| Action item |
Reproduce every line of the material below exactly. No pictures belong in the copy.

| Dataset excerpt |
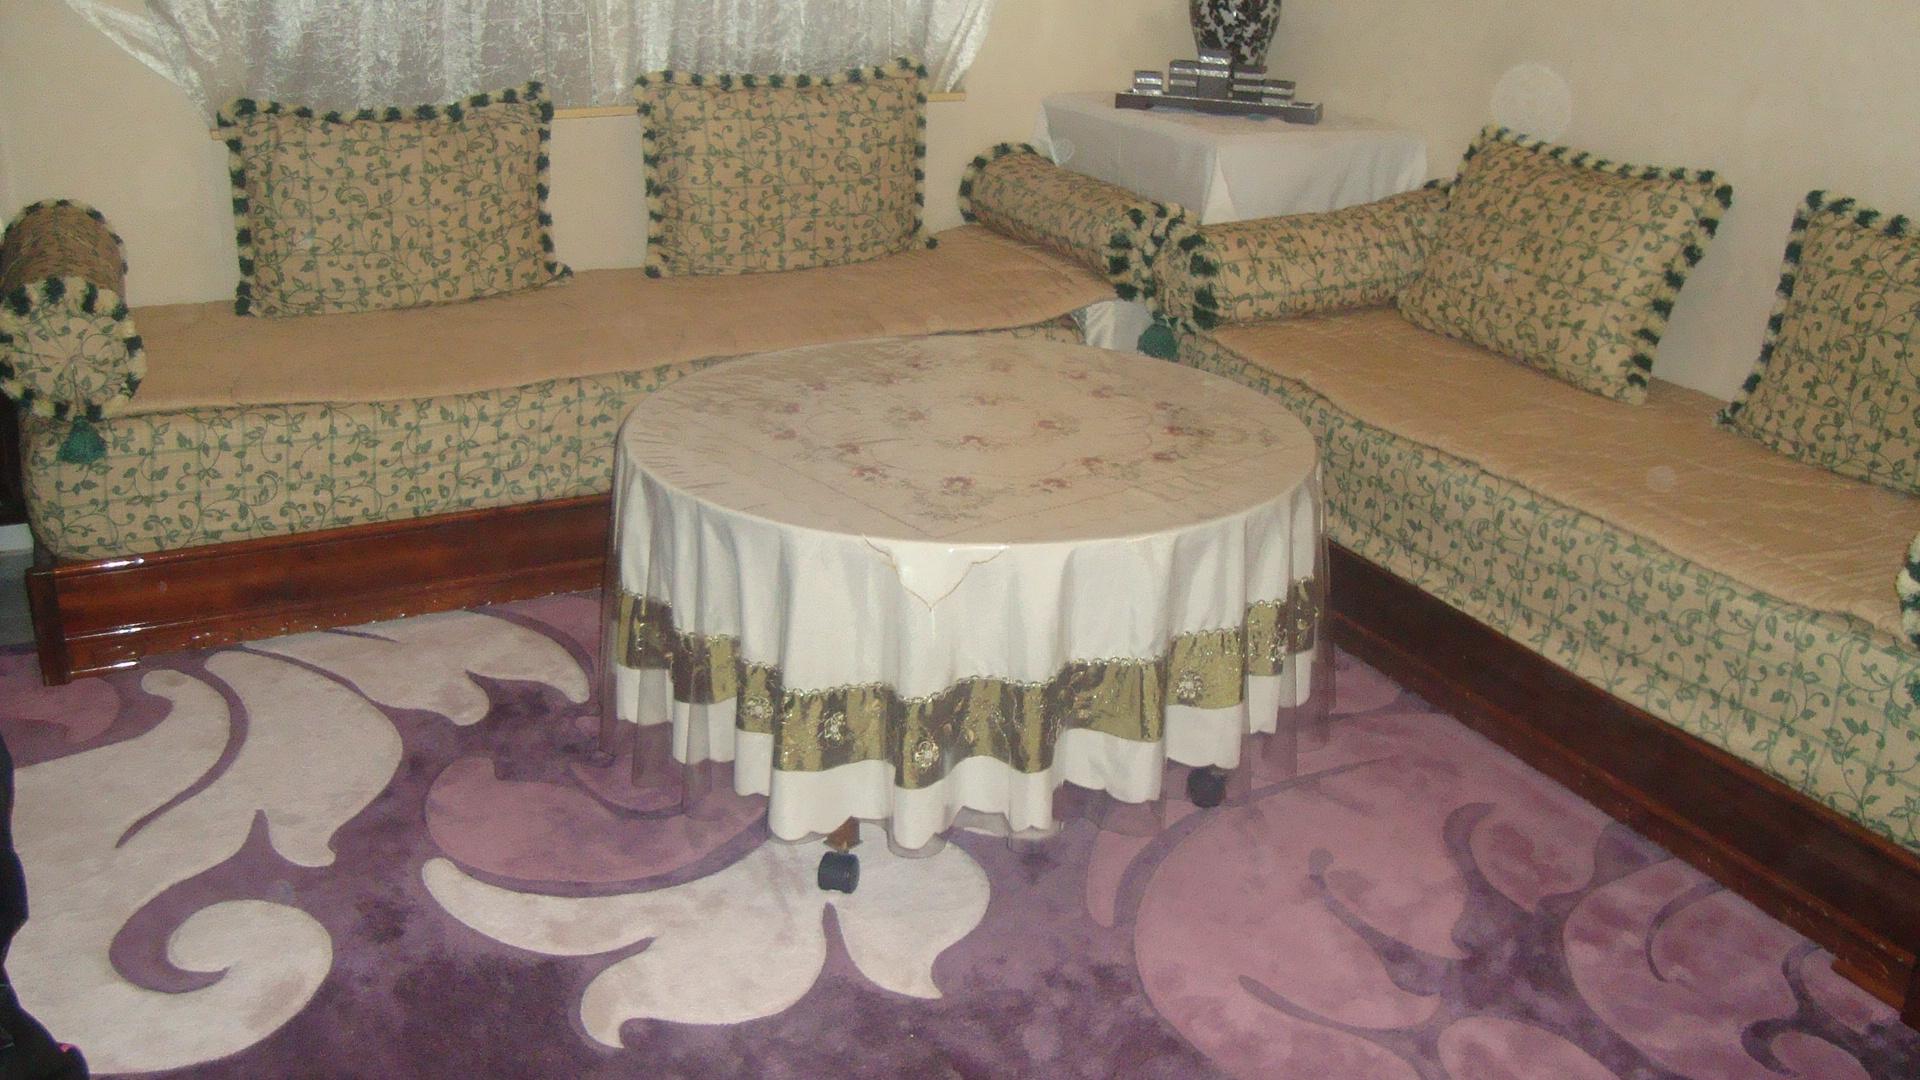 vend salon marocain prix 800 poissy france. Black Bedroom Furniture Sets. Home Design Ideas
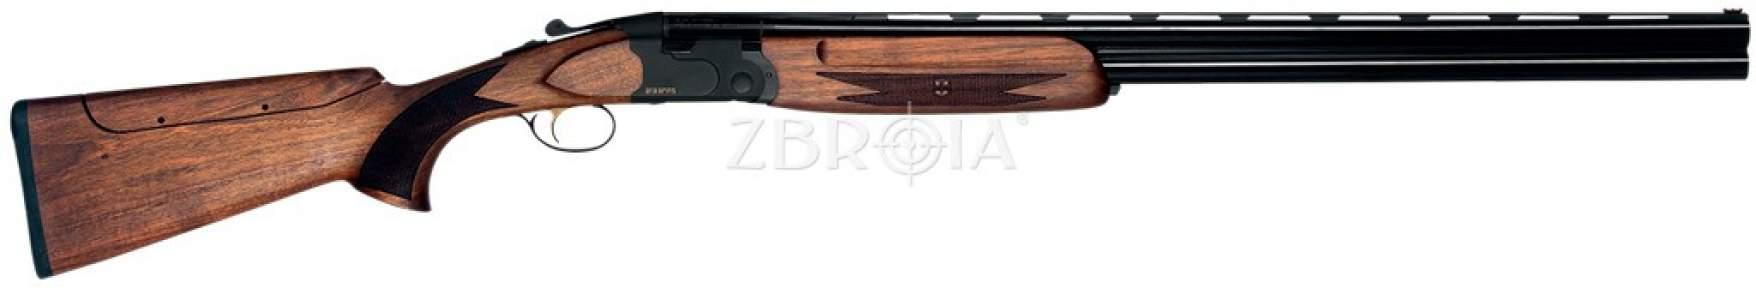 Ружье Ata Arms SP Sporter кал. 12/76
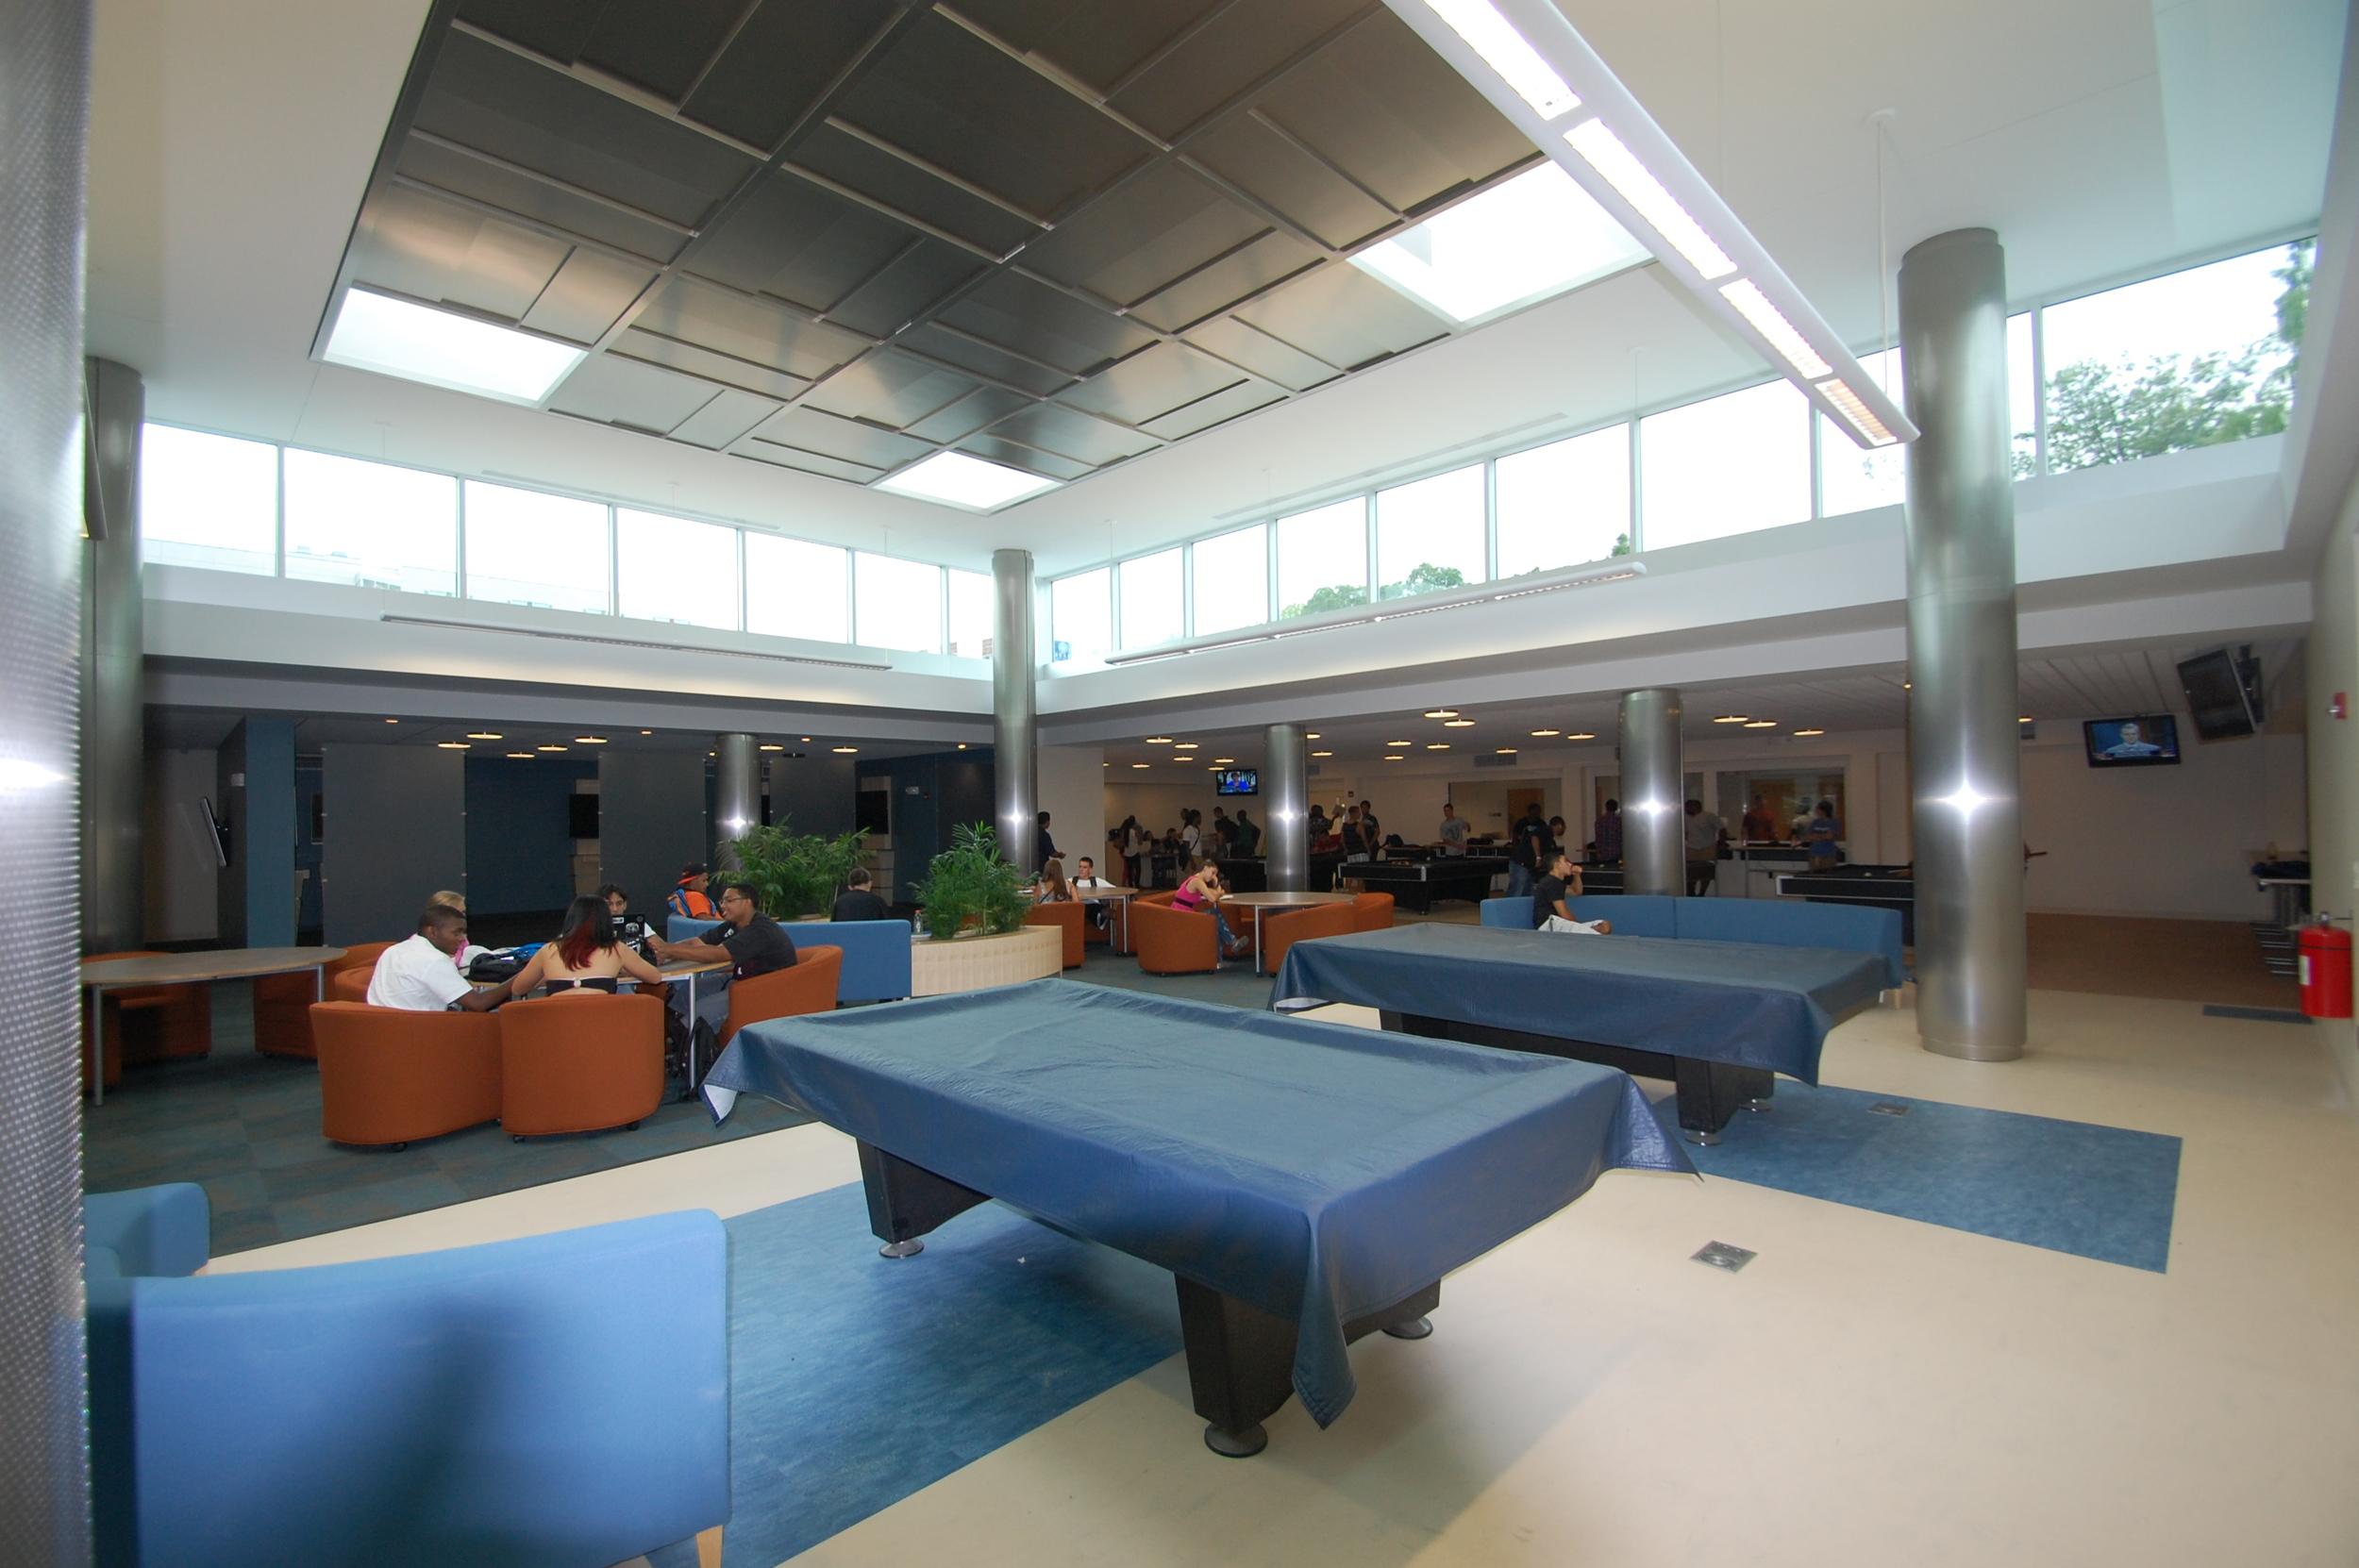 Kean University Sky Room

| Exercise answer |
 vend salon marocain prix 800 poissy france. Black Bedroom Furniture Sets. Home Design Ideas
 Ружье Ata Arms SP Sporter кал. 12/76
 Kean University Sky Room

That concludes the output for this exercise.